EXERCISE INSTRUCTIONS
Would you set down the data that follows, word for word, without any pictures?

GIVEN INFORMATION
########################################

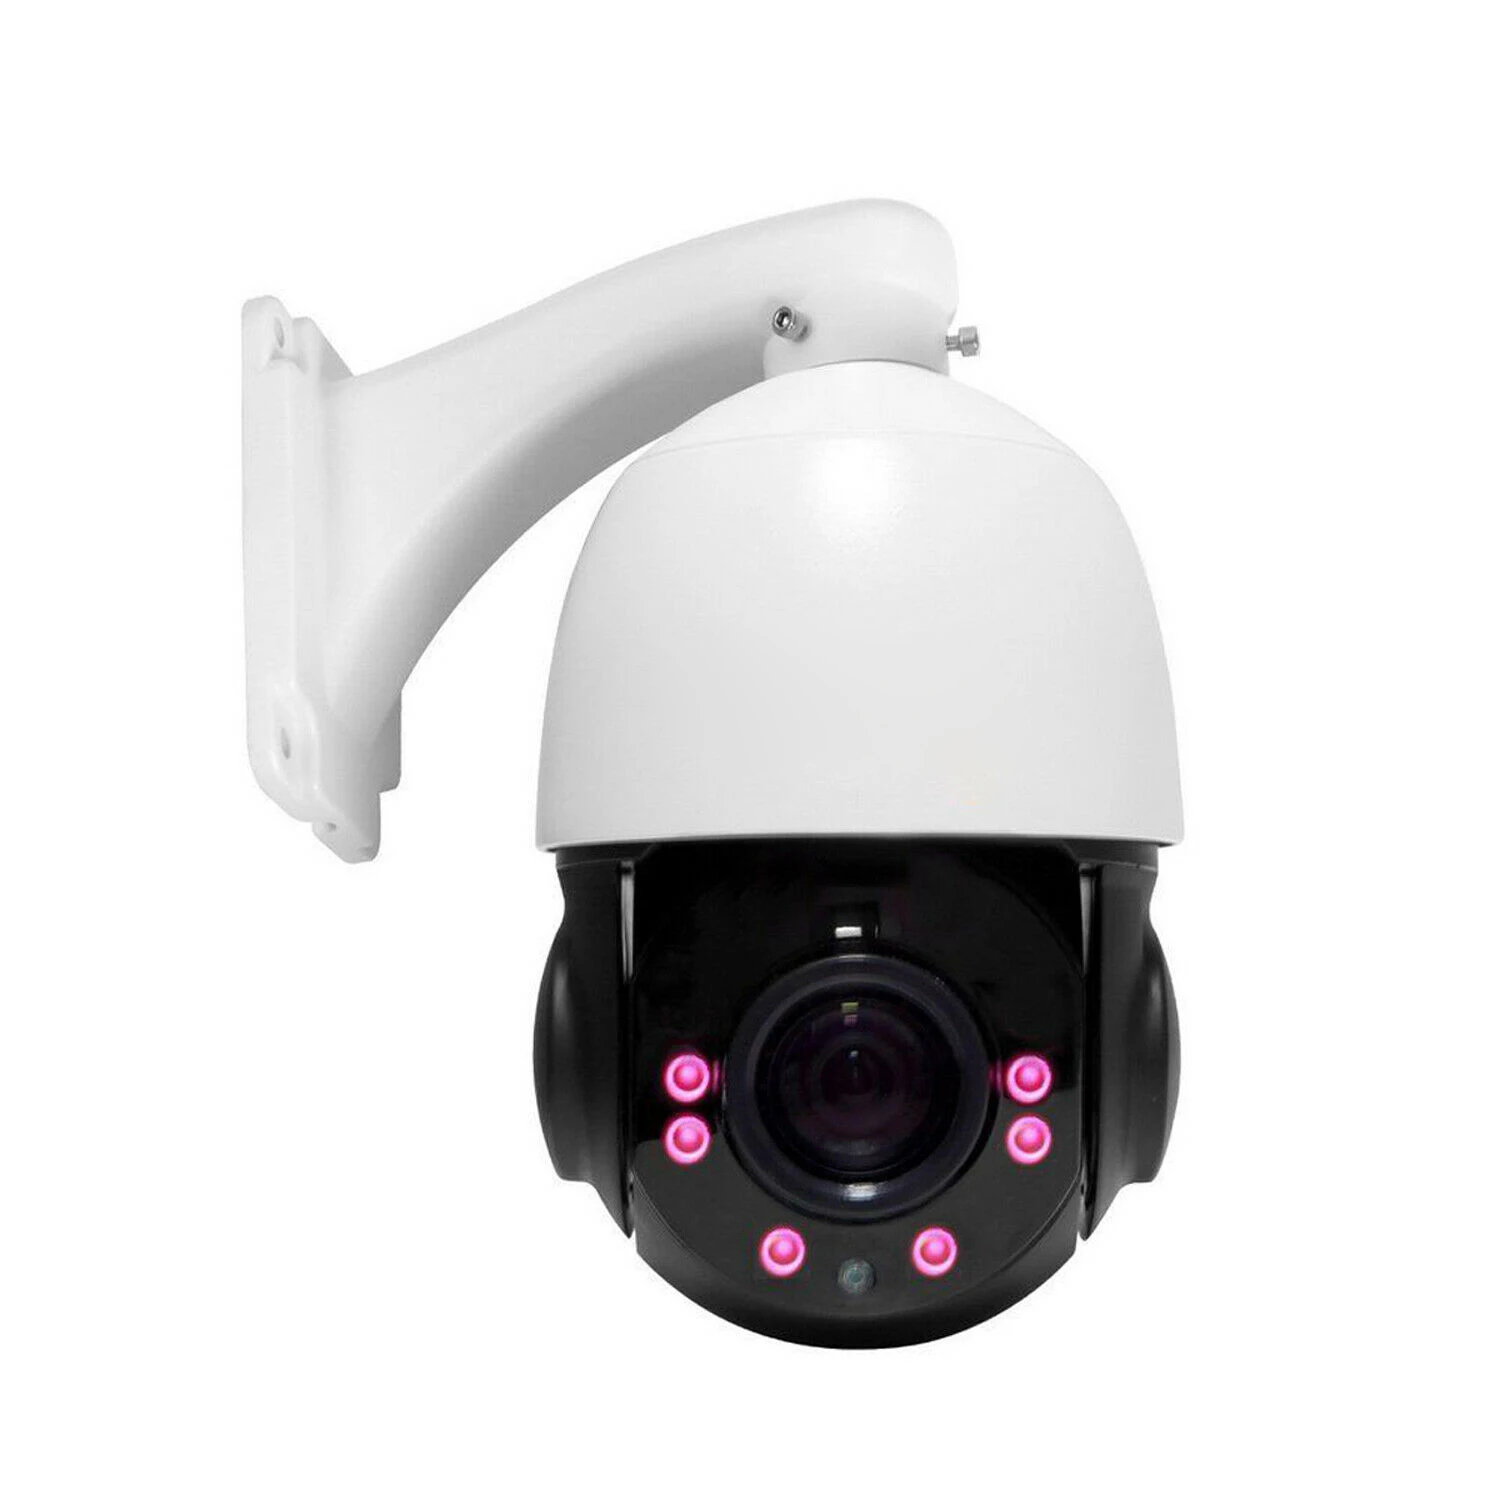 

KIMPOK Onvif SONY Sensor H.264/265+ 2MP 100m IR Nightvision CCTV Security IP PTZ Camera Speed Dome 30X Zoom POE PTZ IP Camera
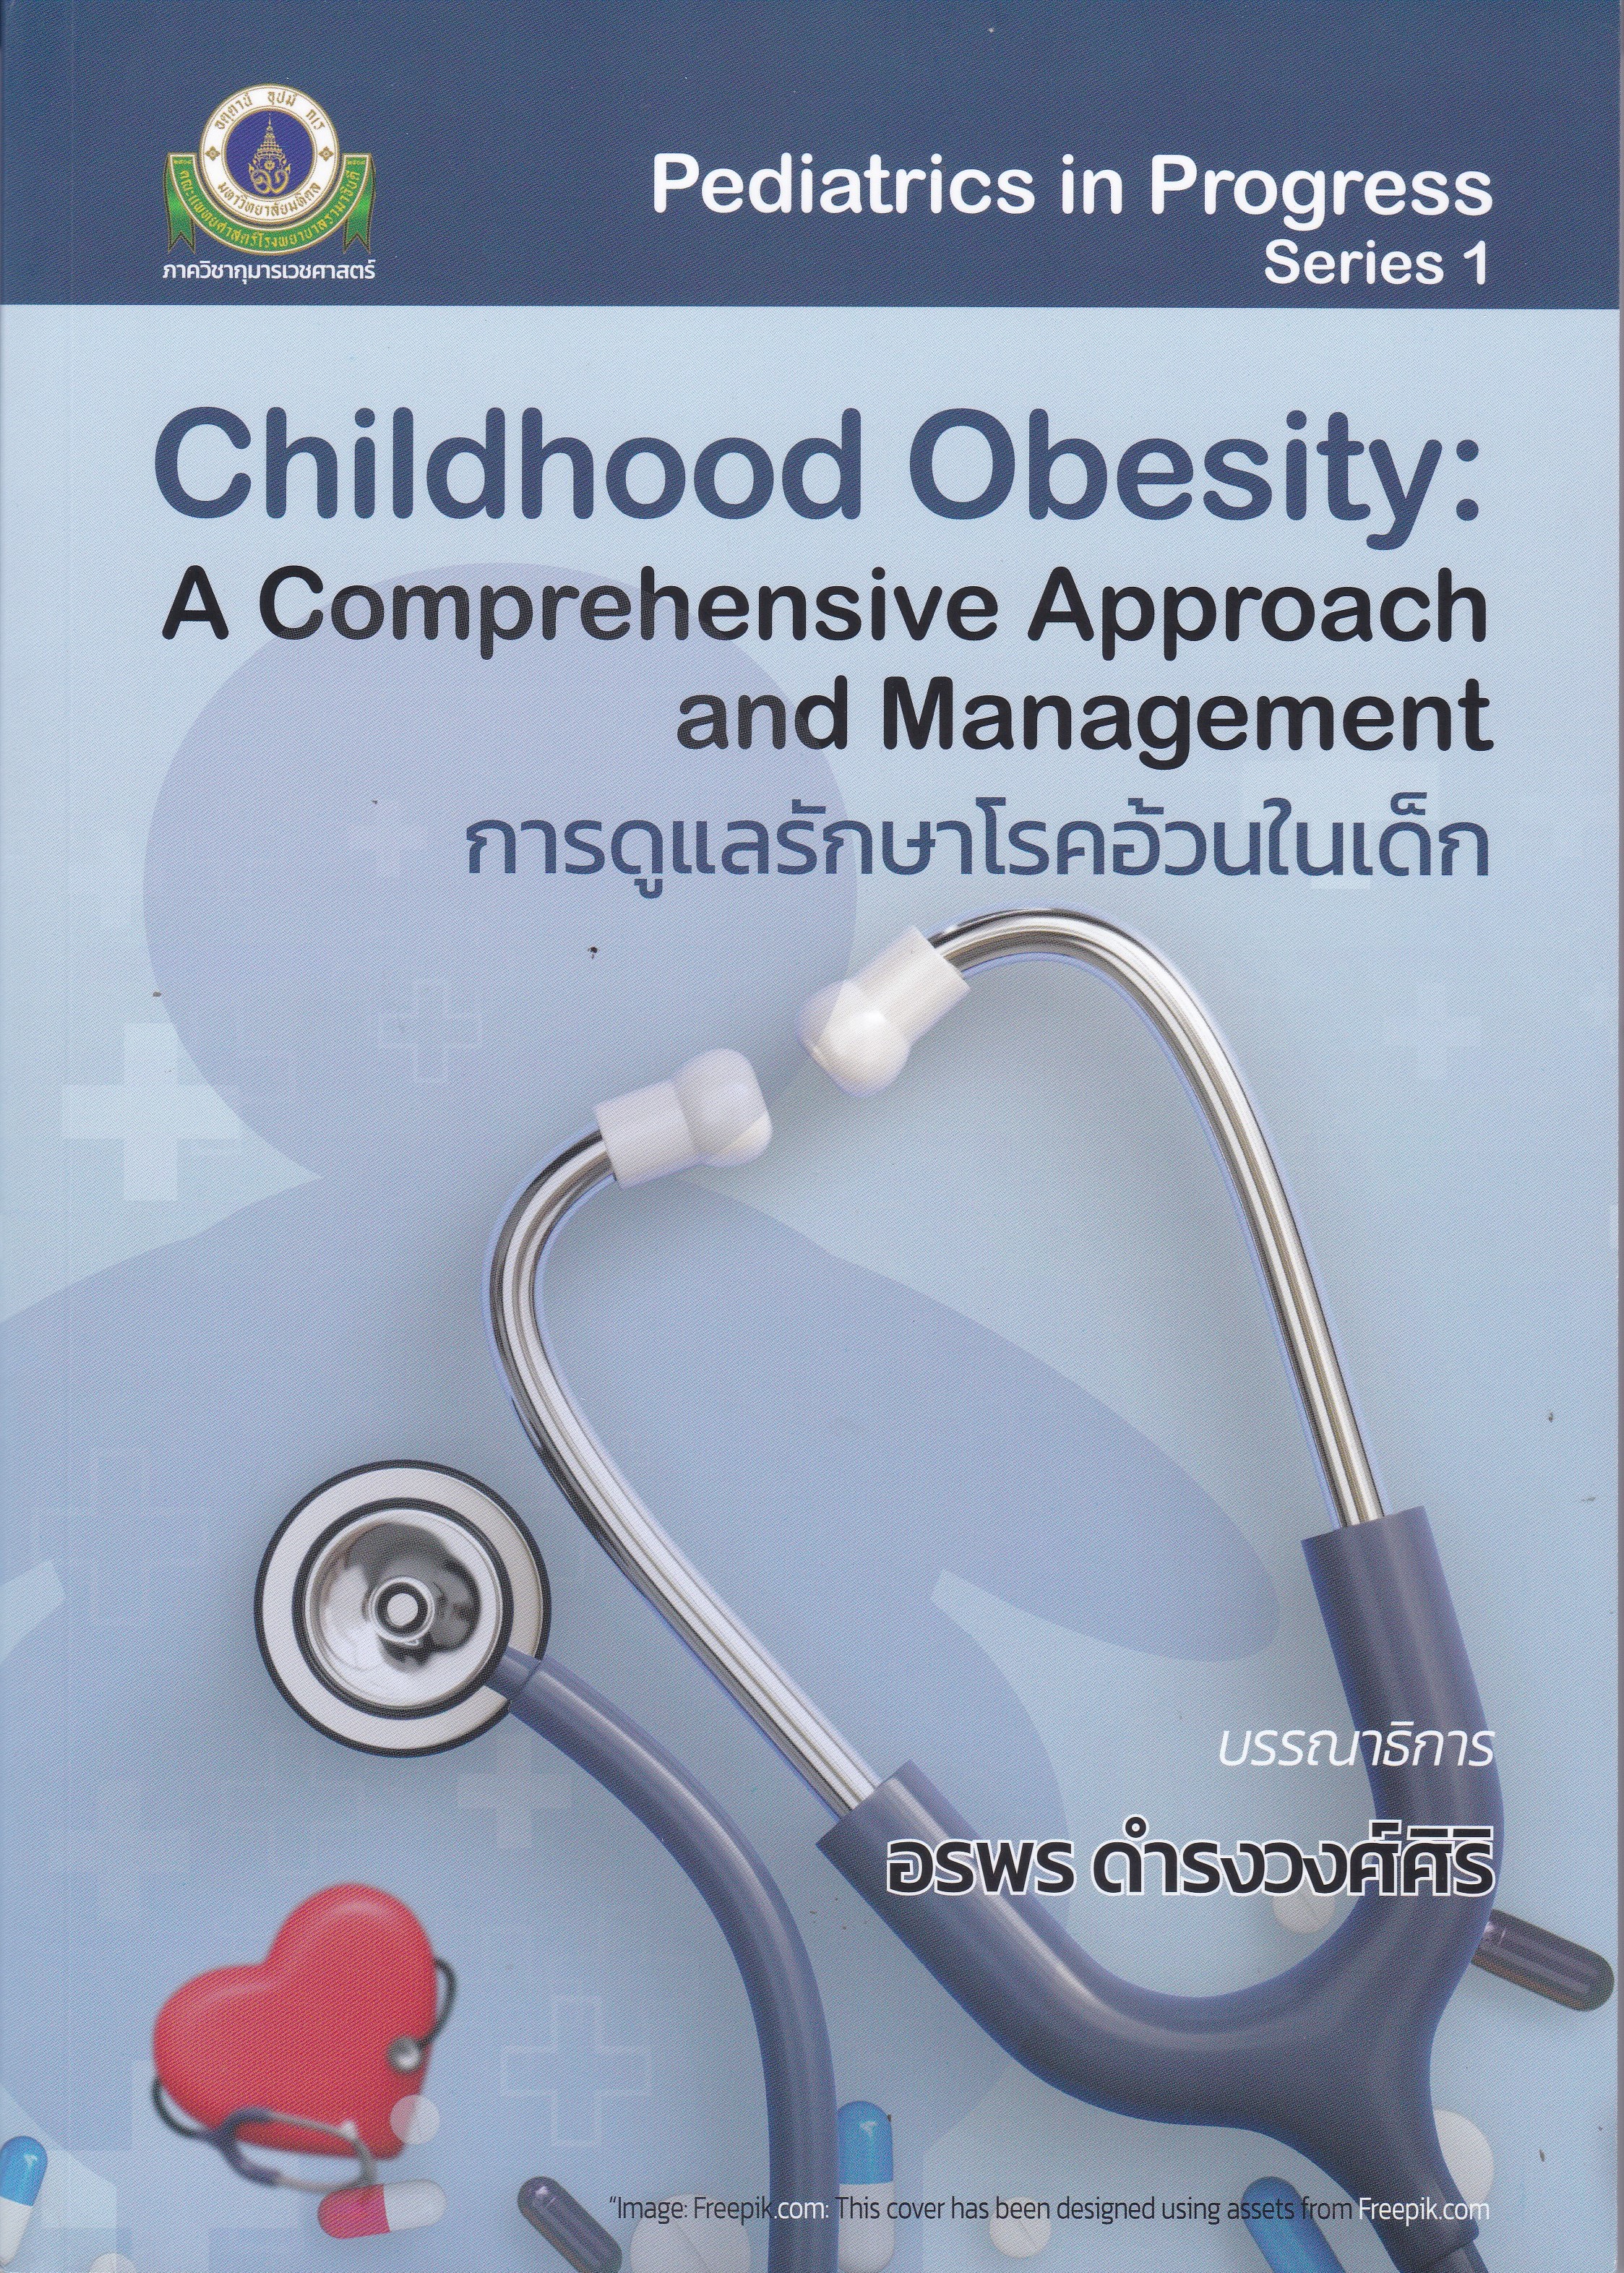 การดูแลรักษาโรคอ้วนในเด็ก (CHILDHOOD OBESITY: A COMPREHENSIVE APPROACH AND MANAGEMENT)
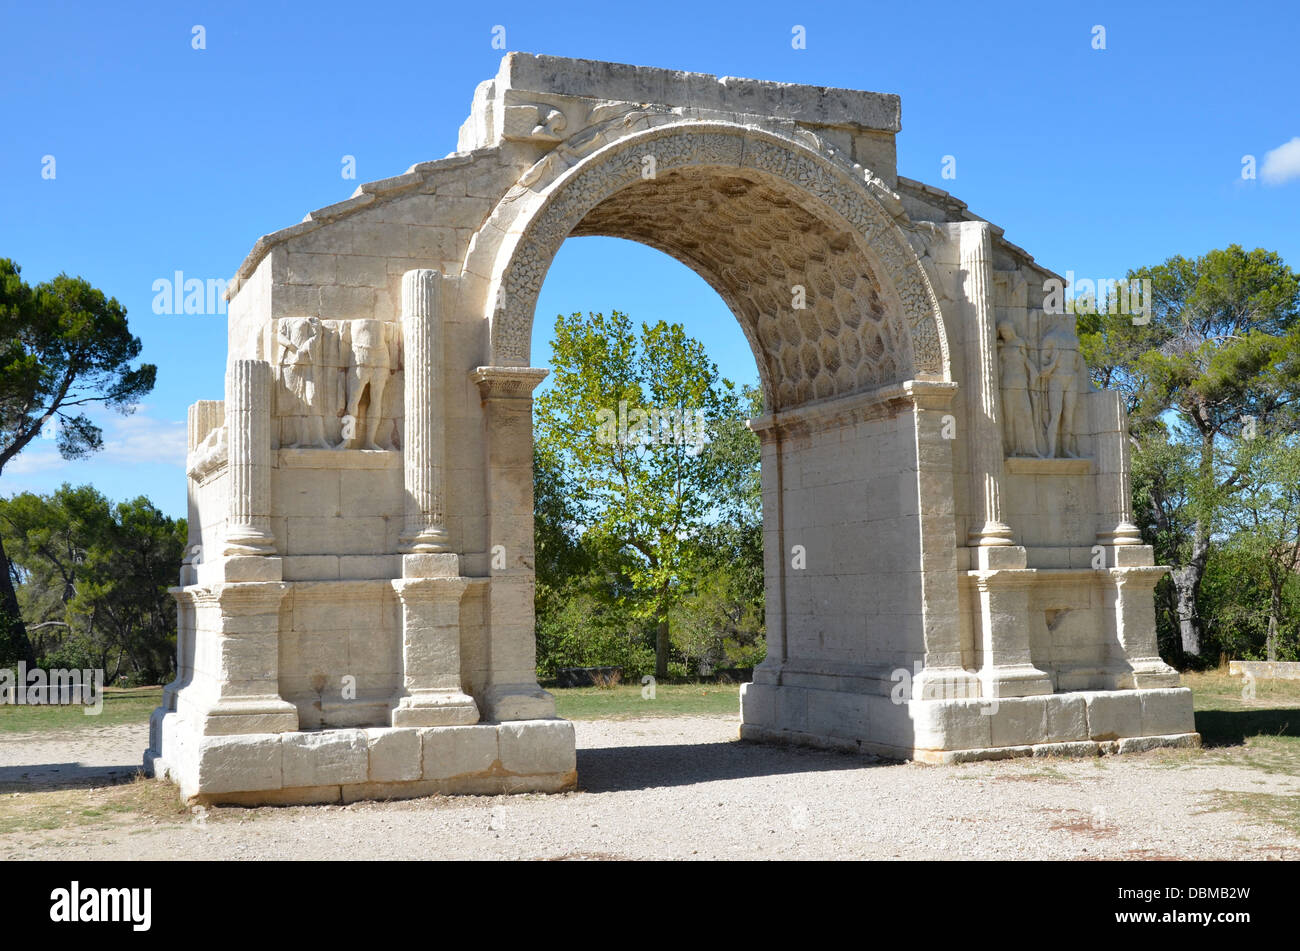 Glanum era un oppidum o città fortificata nel presente giorno Provence, fondata da un popolo Celto-Ligurian chiamato Salyes nel VI secolo A.C. Foto Stock

########################################

RESULT FOR THIS TASK
KIMPOK Onvif SONY Sensor H.264/265+ 2MP 100m IR Nightvision CCTV Security IP PTZ Camera Speed Dome 30X Zoom POE PTZ IP Camera
 การดูแลรักษาโรคอ้วนในเด็ก (CHILDHOOD OBESITY: A COMPREHENSIVE APPROACH AND MANAGEMENT)
 Glanum era un oppidum o città fortificata nel presente giorno Provence, fondata da un popolo Celto-Ligurian chiamato Salyes nel VI secolo A.C. Foto Stock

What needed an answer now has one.